Голова у девушки пошла кругом, разум затуманился, а Мерейю на ней рубашку до подола разорвал и, зверем порыкивая, начал смуглыми руками груди белые мять… Прикрыла она глаза. Сомлела от незнаемой раньше грубой ласки, и будто загорелась вся… Упали полюбовники в сугроб… Но вдруг Дарнейла задохнулась от боли и тут же видеть и чувствовать перестала. Только на краю павшей на нее тьмы почудился умирающей месме быстрый промельк черного крыла…
(1) гуменник — мелкая нечисть, чином пониже домового, живущий на гумне, где сушили и обмолачивали снопы.
(2) лед, образующийся поверх другого слоя льда, когда вода выталкивалась наружу под тяжестью первого.
========== Метель ==========
— Ты очумел, Барат! — Мерейю скатился с остывающего трупа. — Как мы теперь в башню попадем?
— Да нам и тут добра хватит: глянь, какие диаманты у твоей потаскушки в ушах! Да на них не токмо что дом с мельницей купить можно, но еще на лошадок и коляску нуланскую с бахромой для выезда… — Крепыш Манью, улыбаясь, отбросил окровавленное полено и потер замерзшие руки. — Ух и заживем! А еще пуговички эти с душегреи сейчас срежу — вот и корчма; а то, если удачно нужному человечку пристроить, и свой торговый дом!
— Ну ты идио-о-от! — Растрепанный Хедике так и сидел в снегу. — Что наделал, недоносок! Я же тебе сказал — ждать! Там у девки в дому добра небось немерено… Что эти смарагды, я такой чудо-камушек у неумытой дурочки видел — весь Квитарст наш был бы, если с умом к делу подойти! Да где ж у тебя ум… Напрасно я с тобой связался! Собирай тут всё, да снегом ее засыпь. А то — смотрит. — И расстроенный злодей поднял свой бархатный берет, валяющийся подле, раздраженно отряхнул от снега вышитую золотой канителью розетку. — Потом догонишь, придурок, напортачил — сам с телом разберись! Я — на постоялый двор, там увидимся.
— Ага. Я быстро. Щас, всё тут будет в порядочке! — заискивающе, но довольно отозвался Манью, и, не дожидаясь пока стихнет скрип шагов Хедике, стал поспешно обрывать изумрудные пуговицы с богато отделанной жакетки покойницы; заодно обшарив ее карманы, забрал четыре грошика и серебряный гулон (1), аккуратно расстегнул мудреный замочек, снял с тонкой холодной шейки узорную цепочку — может, сгодится, вдруг дорогая!

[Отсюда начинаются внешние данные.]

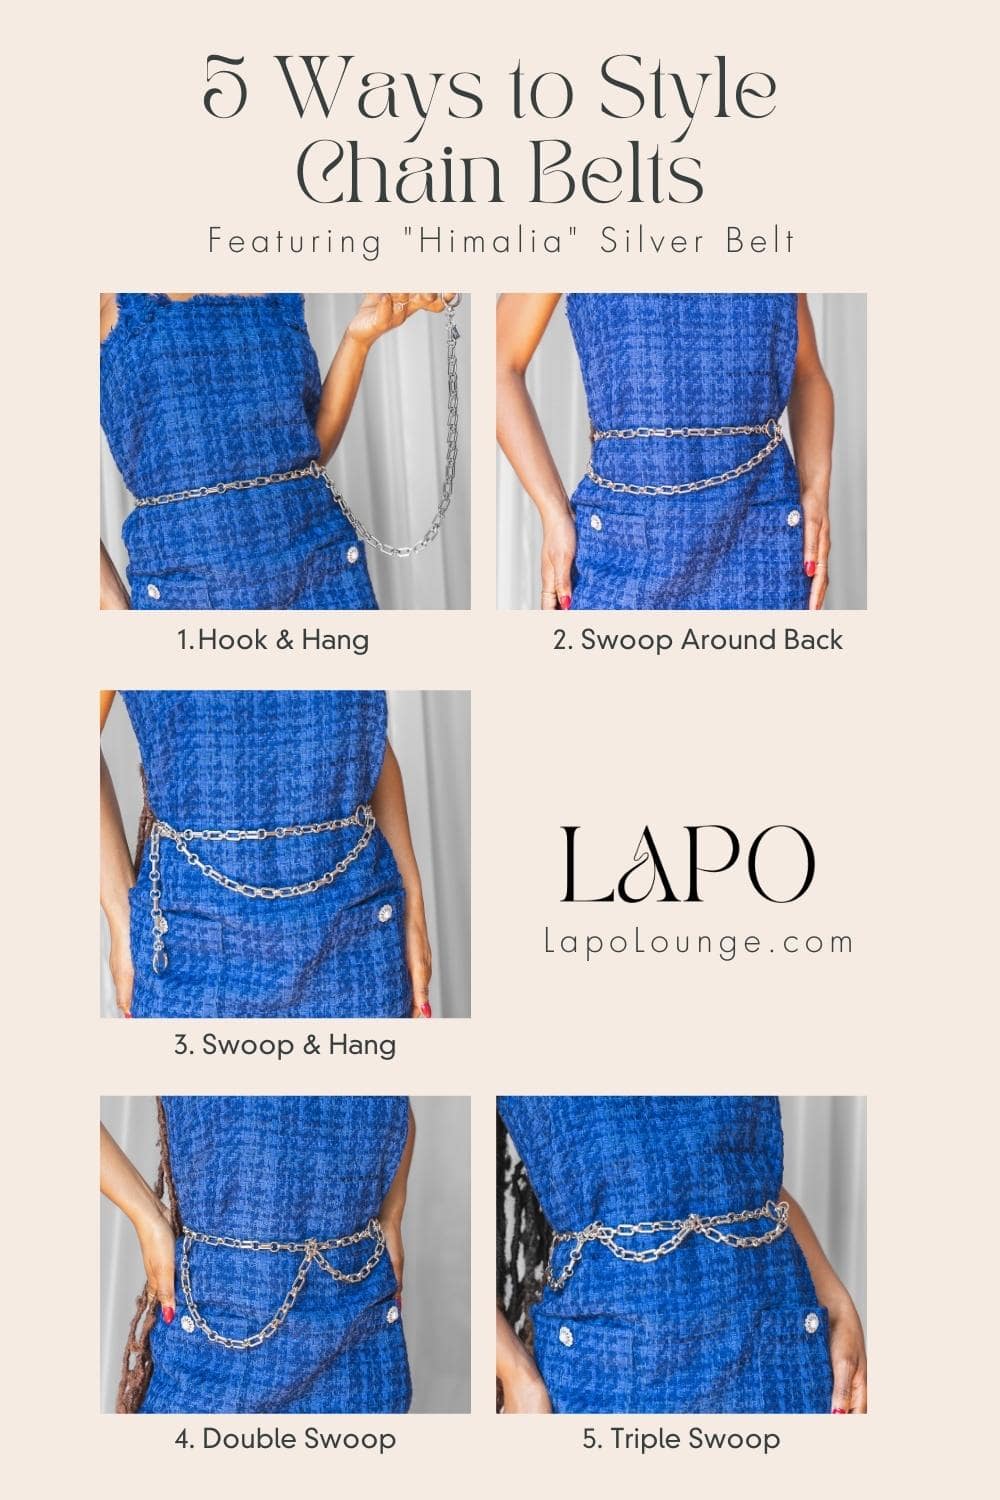 How To Style Chain Belts - 5 Easy Ways - OpalbyOpal

Делал он всё это с удовольствием и споро, даже насвистывая какую-то мелодийку, и, совсем не обидевшись на слова своего красивого товарища, говорил сам себе:
— Ну да, идиот я — поспешил. Вот только почему тебе вечно достаются удовольствия, а мне — только подтирать, да закапывать… всякое-неприятное. С телом разберись! — хмыкнул купец плотоядно. — Ты сам-то с ним во как разобрался — все юбчонки разорваны. — И, как зверь втягивая широкими ноздрями особо острый на морозном воздухе смрад крови и семени, он уставился на оголенные белые бедра убитой.
— Ляжки — прям мрамор! — оценил Барат. — А кукуля-то рыжая (2) — странно… Эй! — прервал себя душегуб, когда, кряхтя, перевернул холодеющее тело девушки. — А куда ж вторая сережка-то делась? Вот горе-то какое! — Он запустил красную от мороза пятерню в снег и пошарил там.

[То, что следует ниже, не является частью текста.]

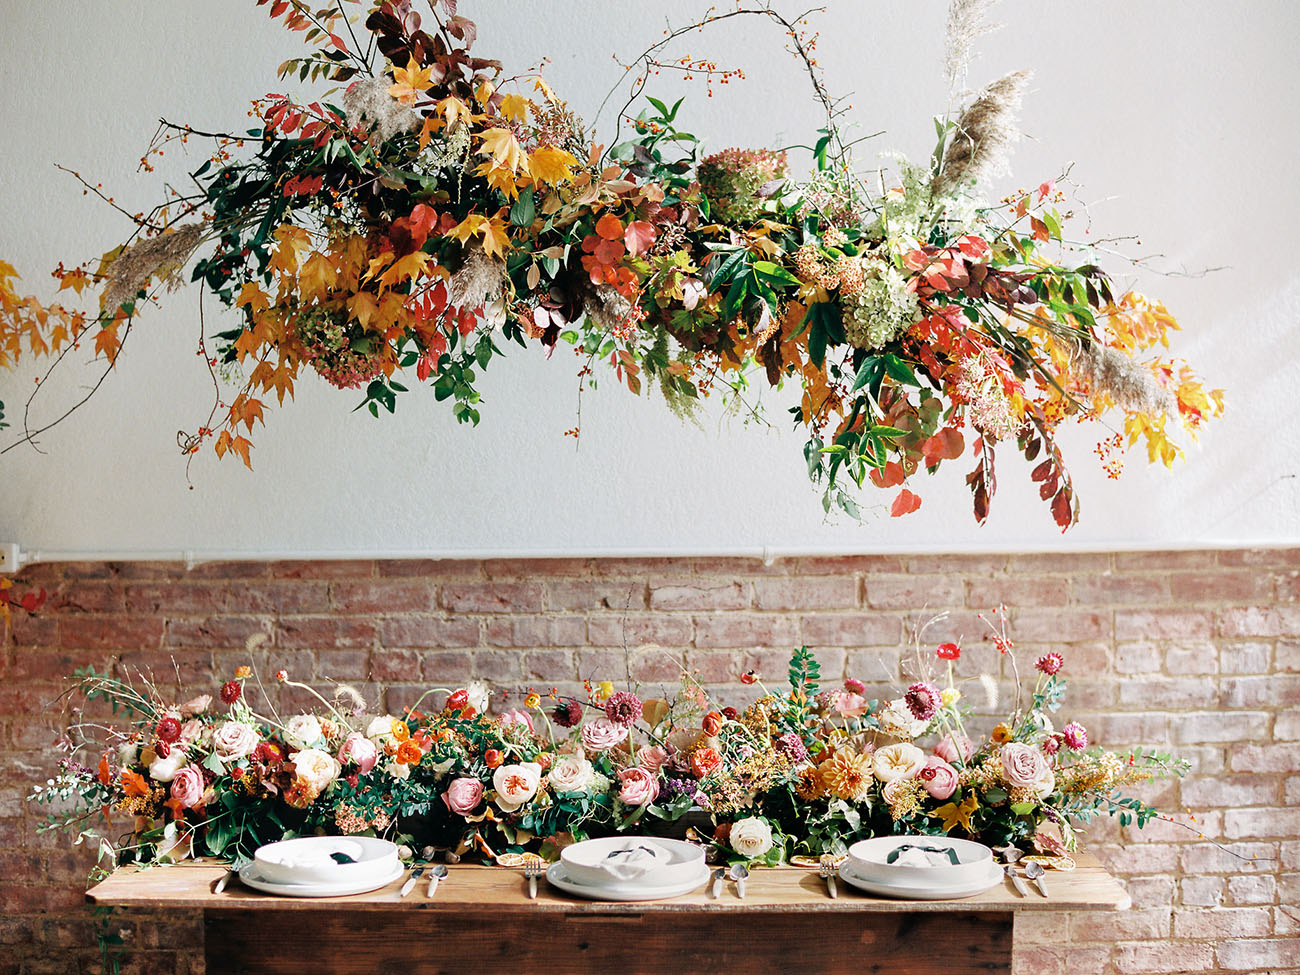 The wedding reception featured a lot of lush and bold florals that brought truly a fall spirit

Но напрасно! Да и темнеть снова стало — белоскань играла в небе над Восхоллом, замутив луну поволокой тумана — видно, приближалась пурга…

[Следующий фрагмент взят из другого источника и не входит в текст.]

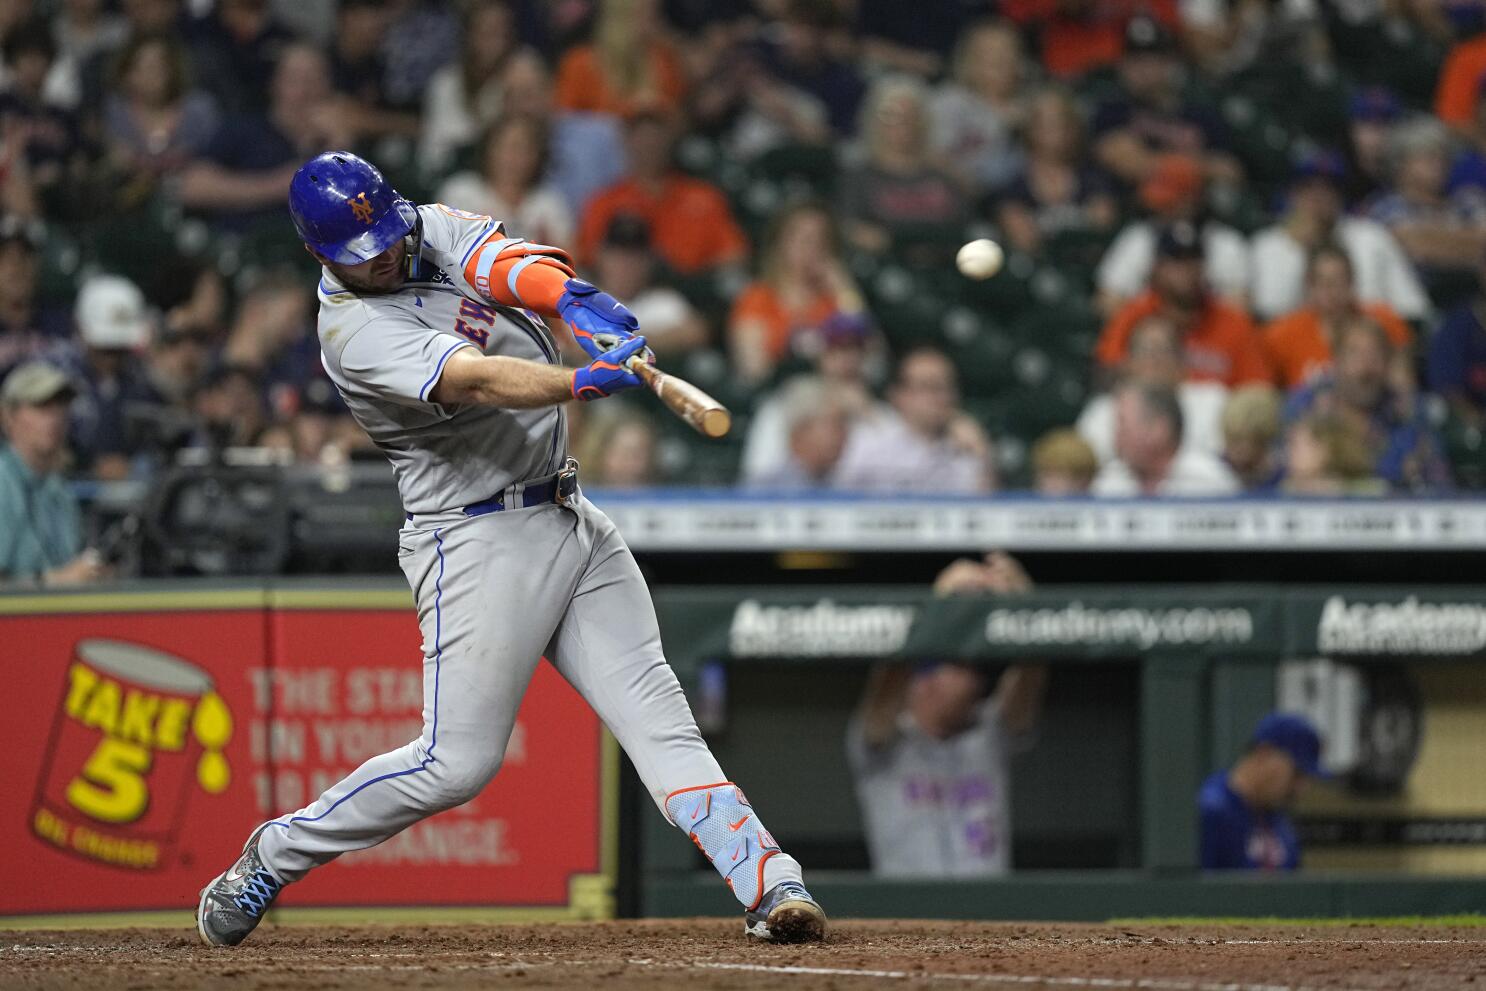 Pete Alonso to participate in Home Run Derby at All-Star Game

Что-то завыло в ветвях, ухнули вниз снежные шапки с елок, зашуршала, завиваясь юлой поземка — будто жесткая щетка сметала колючий песок с порога хаты. Отовсюду поползли языки холода. Воздух заискрил морозной пылью. Барат дернулся бежать:
— Ну и погодка! — Он было оглянулся на их с Мерейю непохороненный грех, прищурился на ветру. — Да само занесет! Вон как повалило! — Закашлялся, глотнув студеного ветра. — Моренница с ней, шлюхой девка была… Вот, и никто не виноват!